• [Source data]
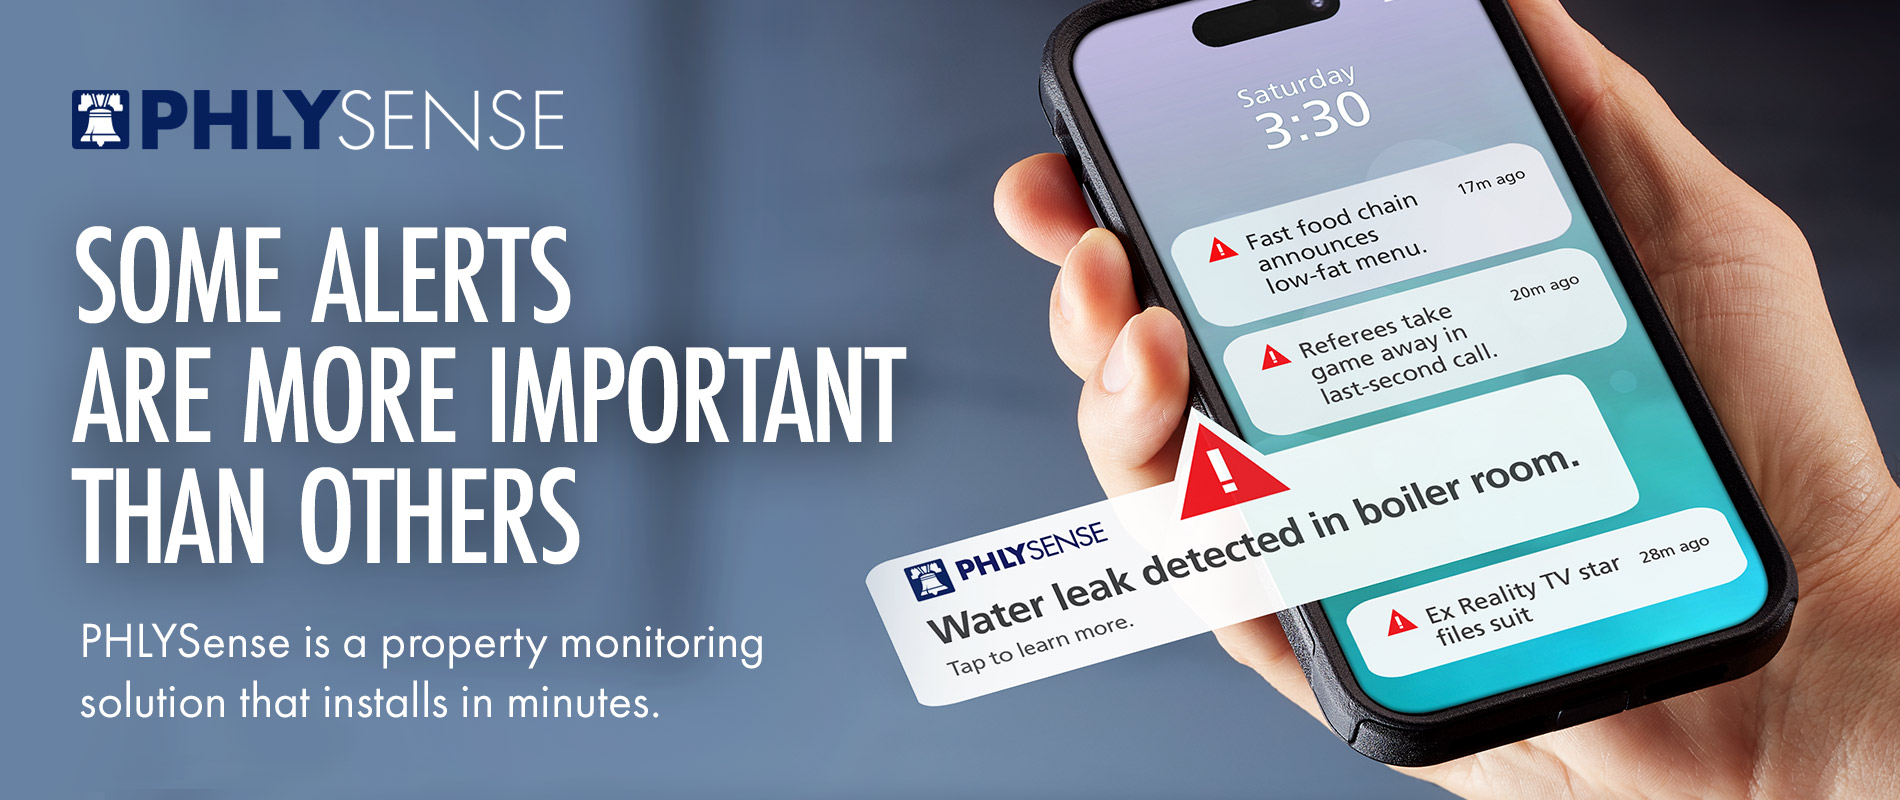 PHLY Sense - Some Alerts Are More Important Than Others - PHLY Sense is a property monitoring solution that installs in minutes. 
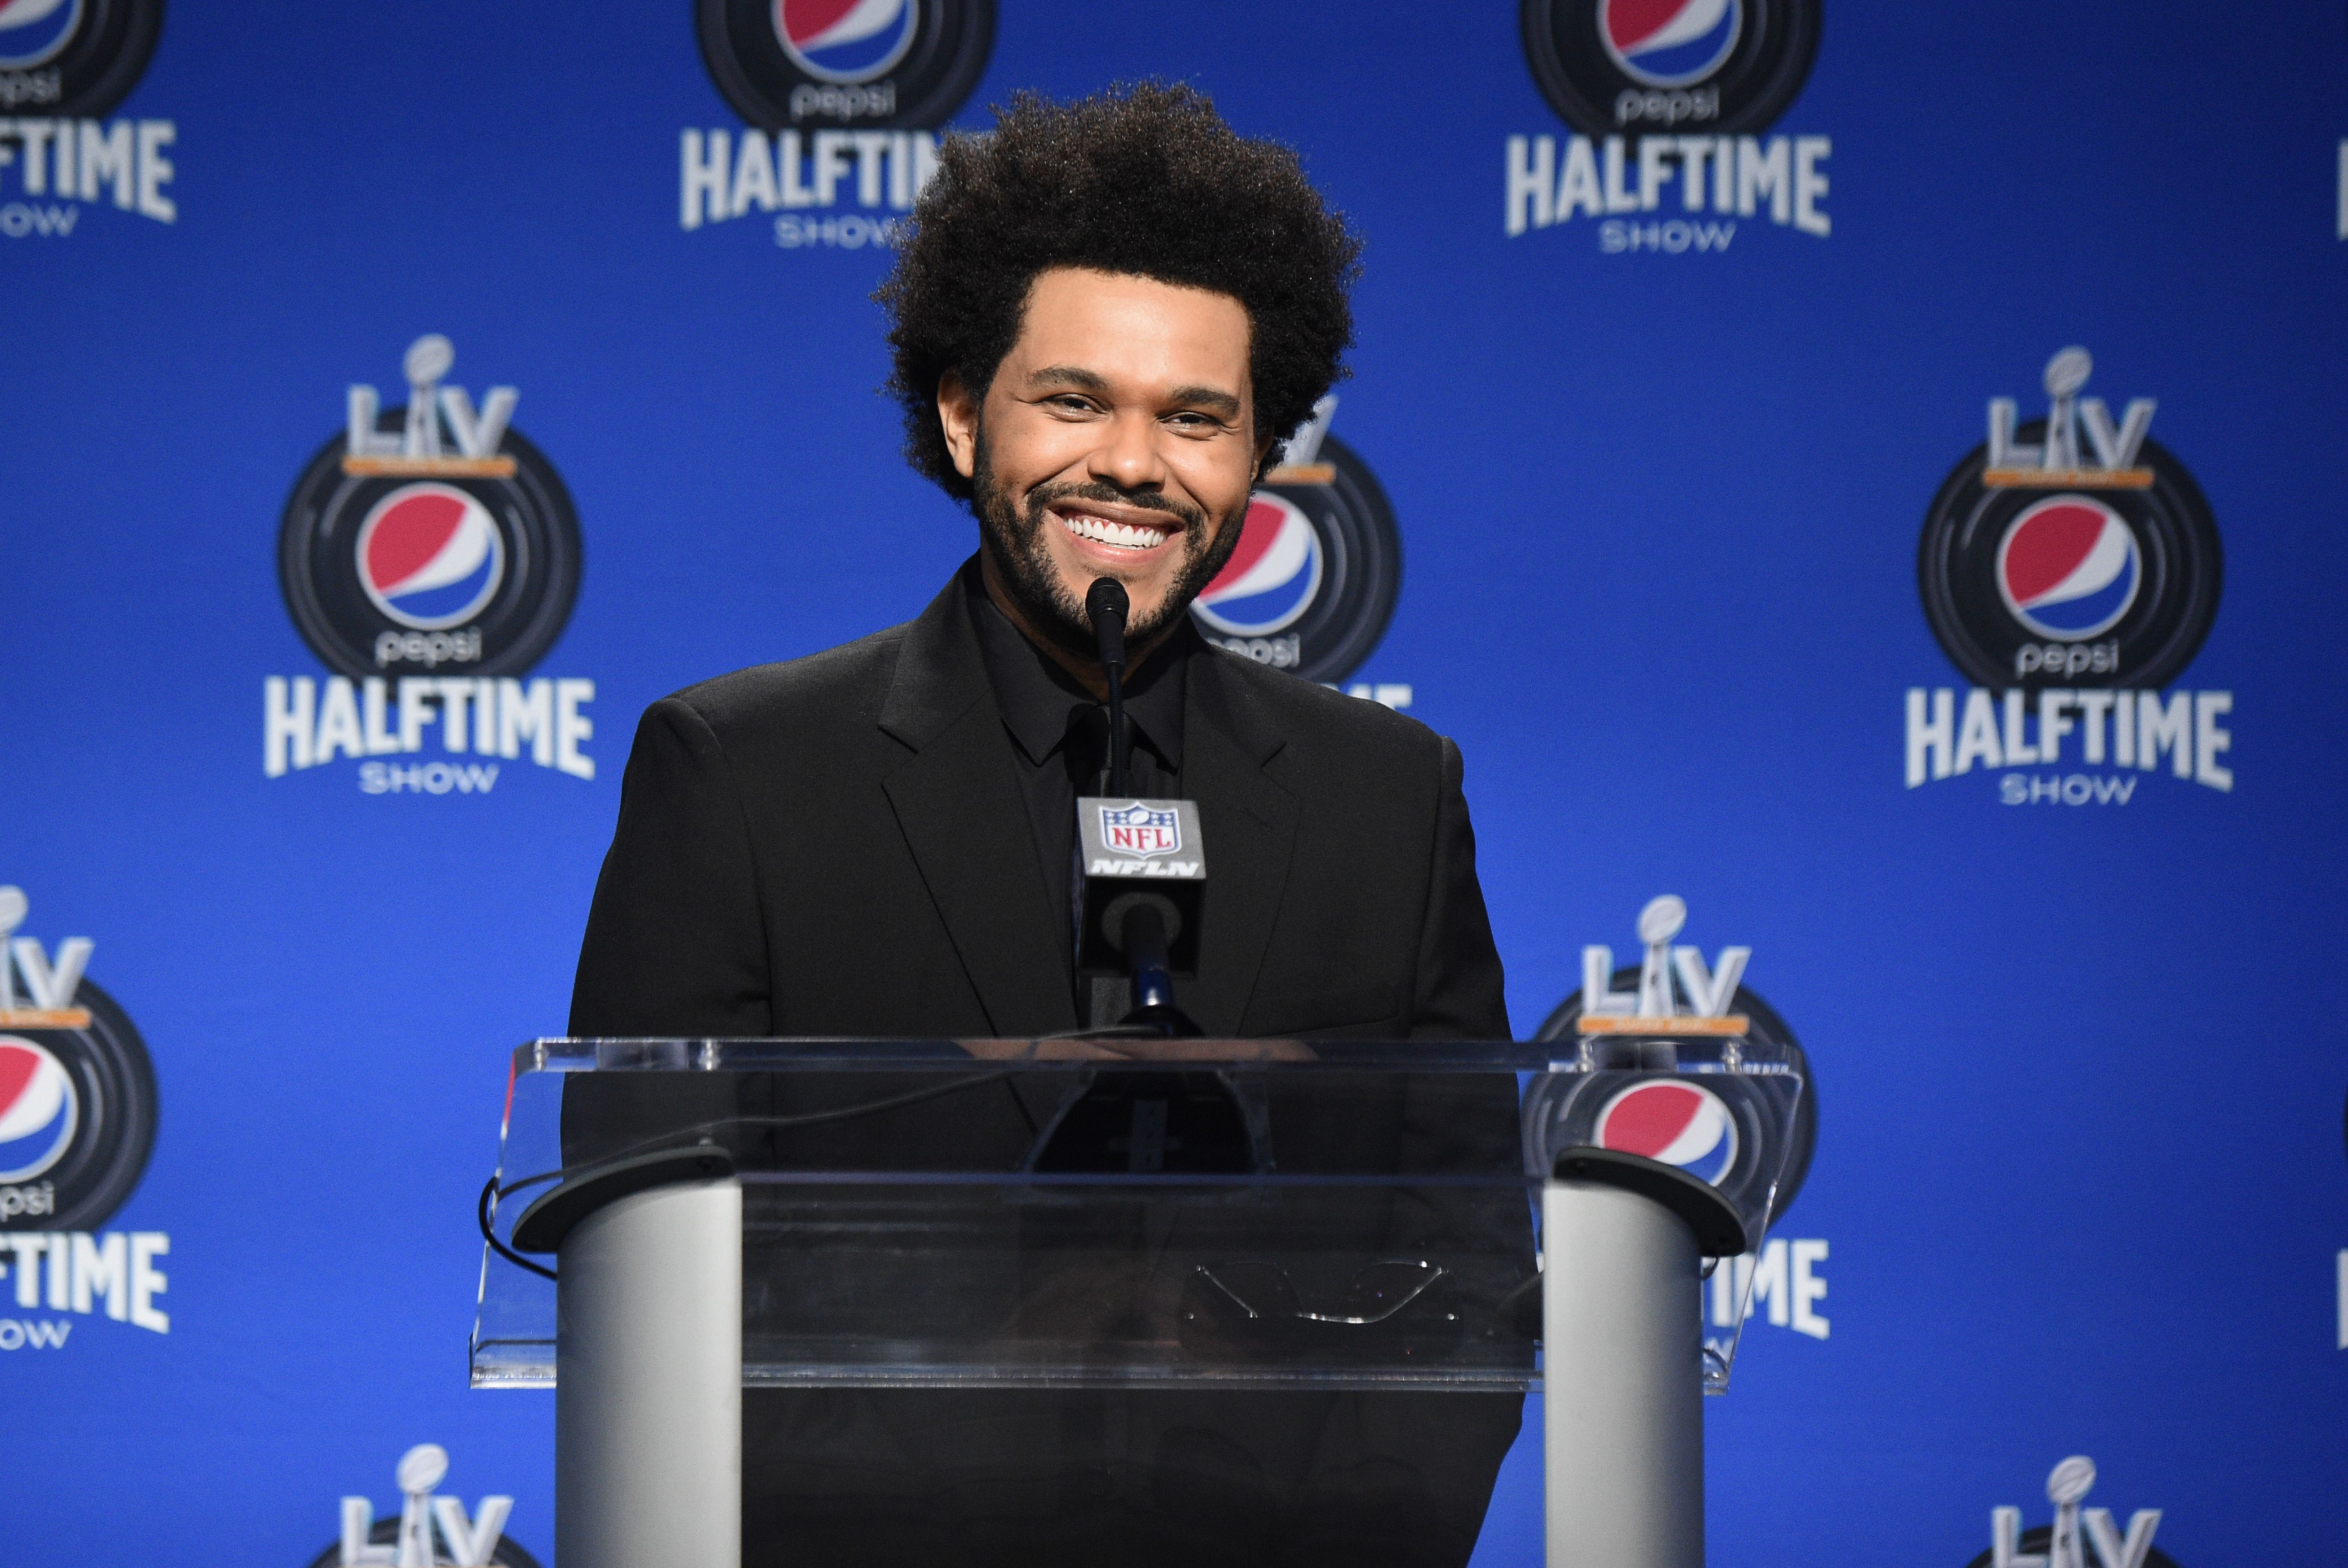 the weeknd spent money on super bowl
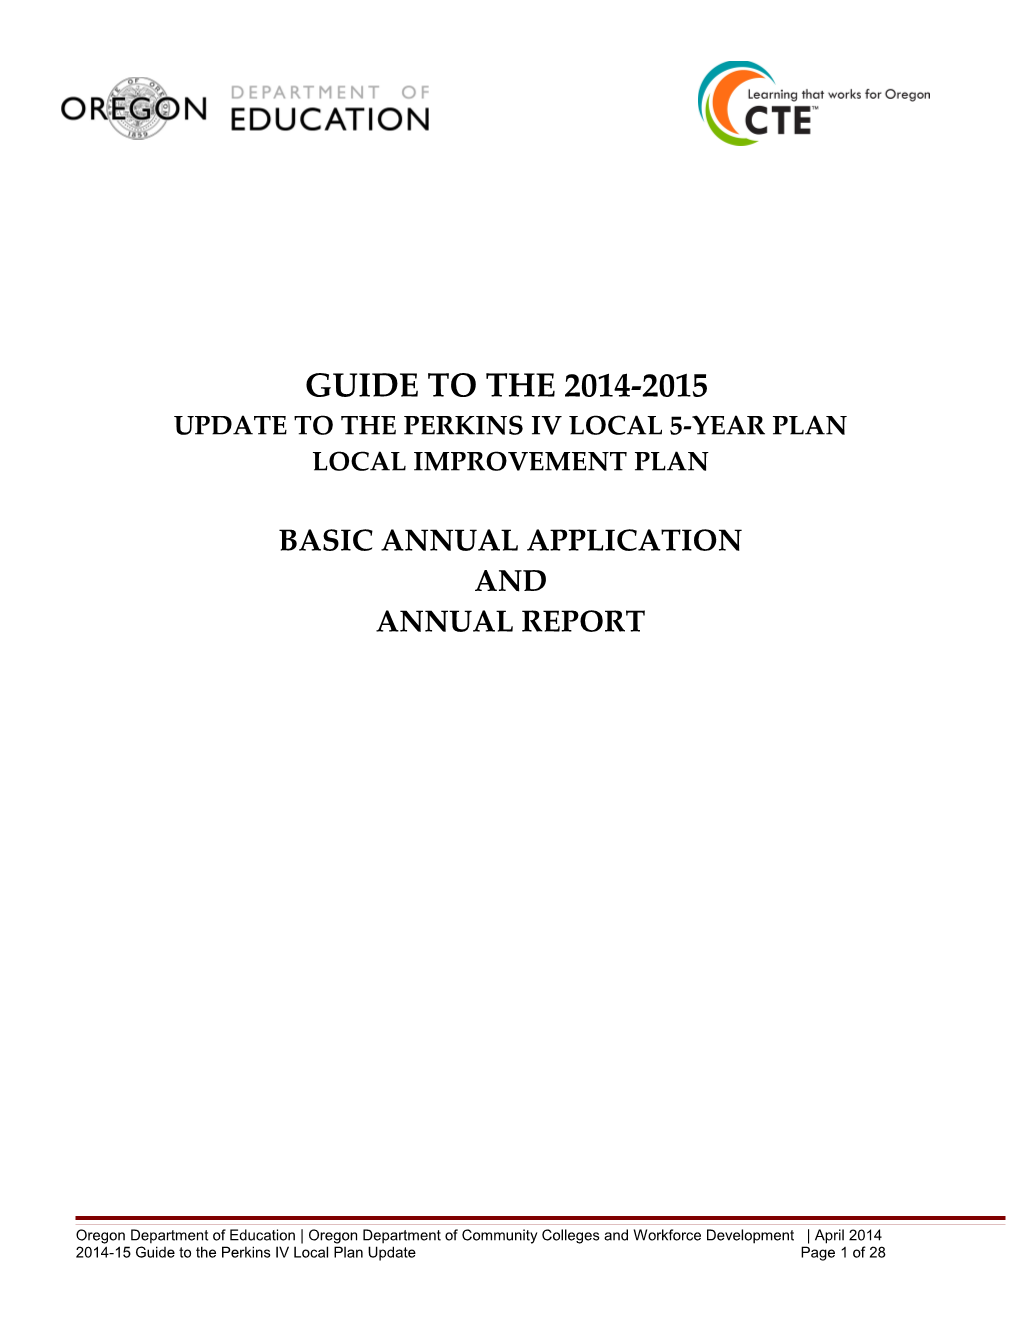 Update to the Perkins Iv Local 5-Year Plan
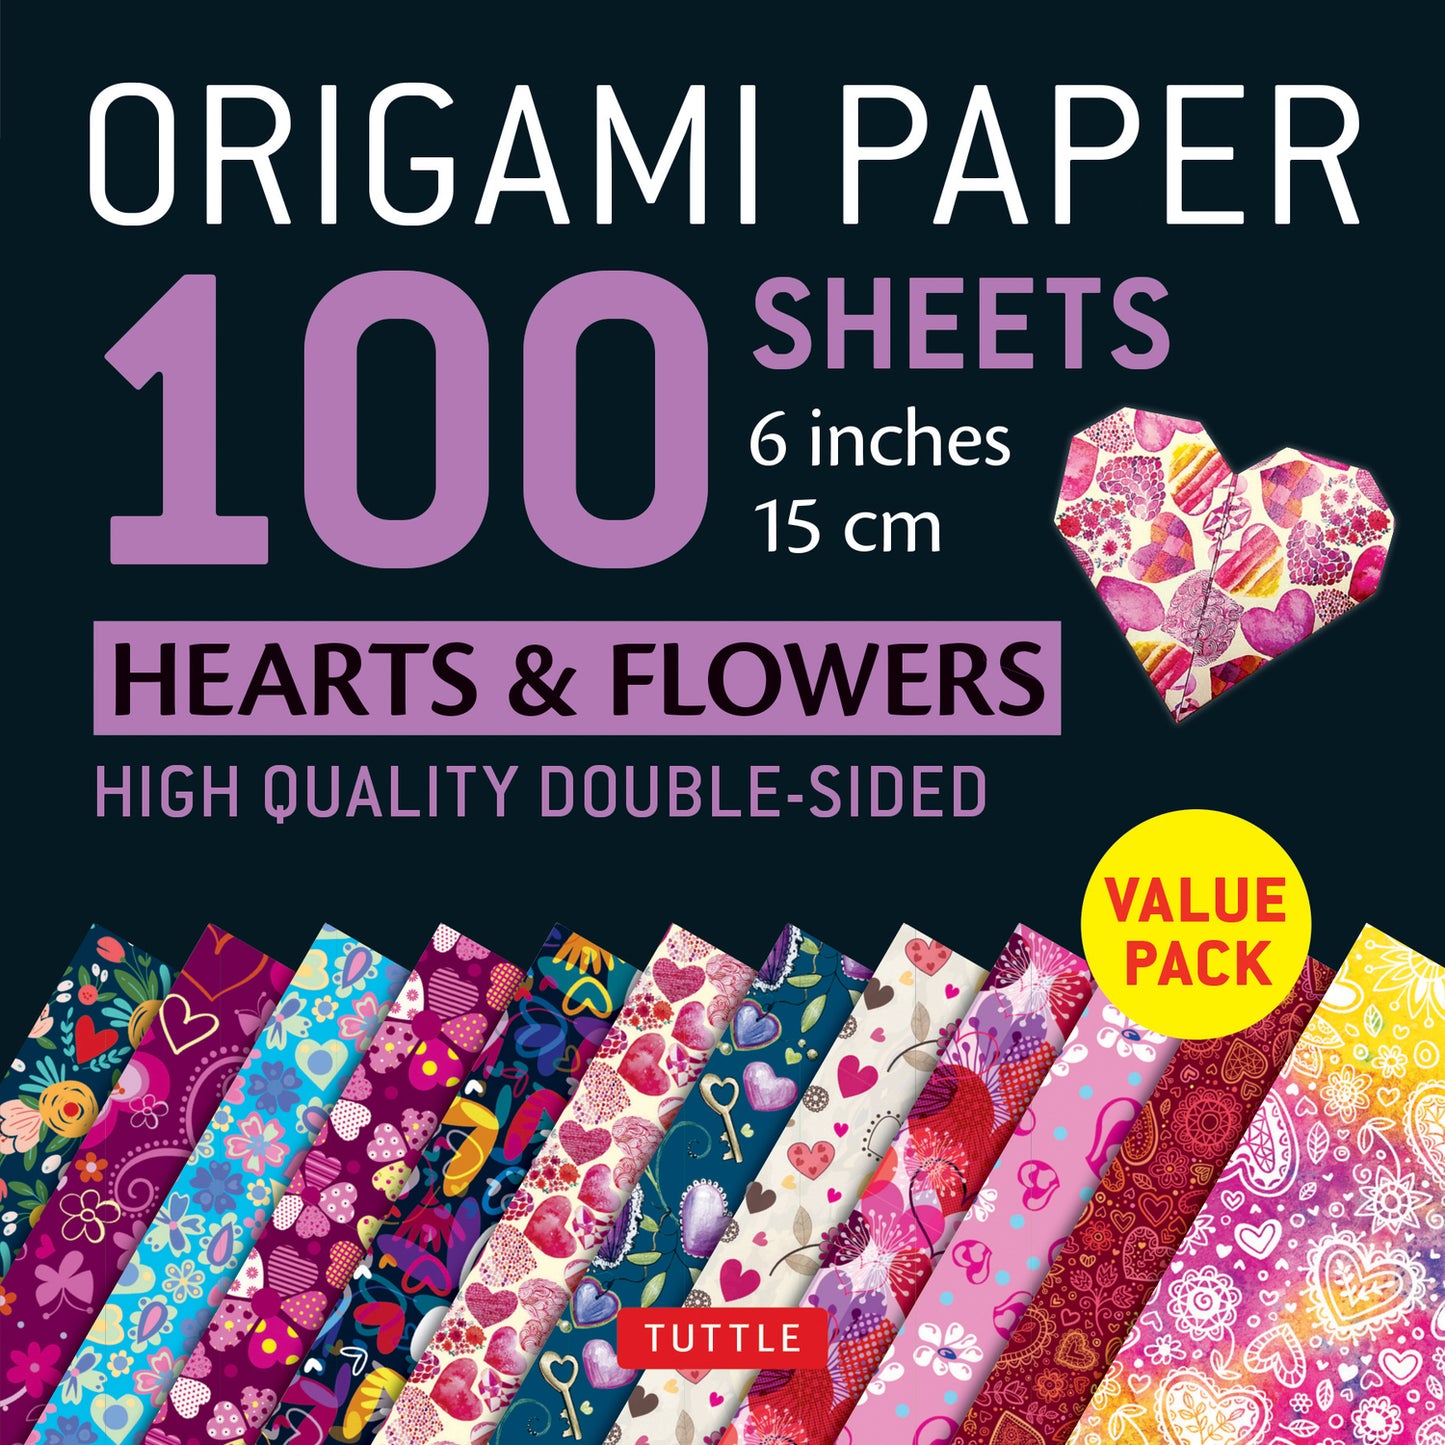 Origami Paper 100 sheets Hearts & Flowers 6" (15 cm): Tuttle Origami Paper: Double-Sided Origami Sheets Printed with 12 Different Patterns: Instructions for 6 Projects Included

• [Required action] Would you give the data above again word for word, skipping any images?

• [Reply]
 PHLY Sense - Some Alerts Are More Important Than Others - PHLY Sense is a property monitoring solution that installs in minutes. 
 the weeknd spent money on super bowl
 Update to the Perkins Iv Local 5-Year Plan
 Origami Paper 100 sheets Hearts & Flowers 6" (15 cm): Tuttle Origami Paper: Double-Sided Origami Sheets Printed with 12 Different Patterns: Instructions for 6 Projects Included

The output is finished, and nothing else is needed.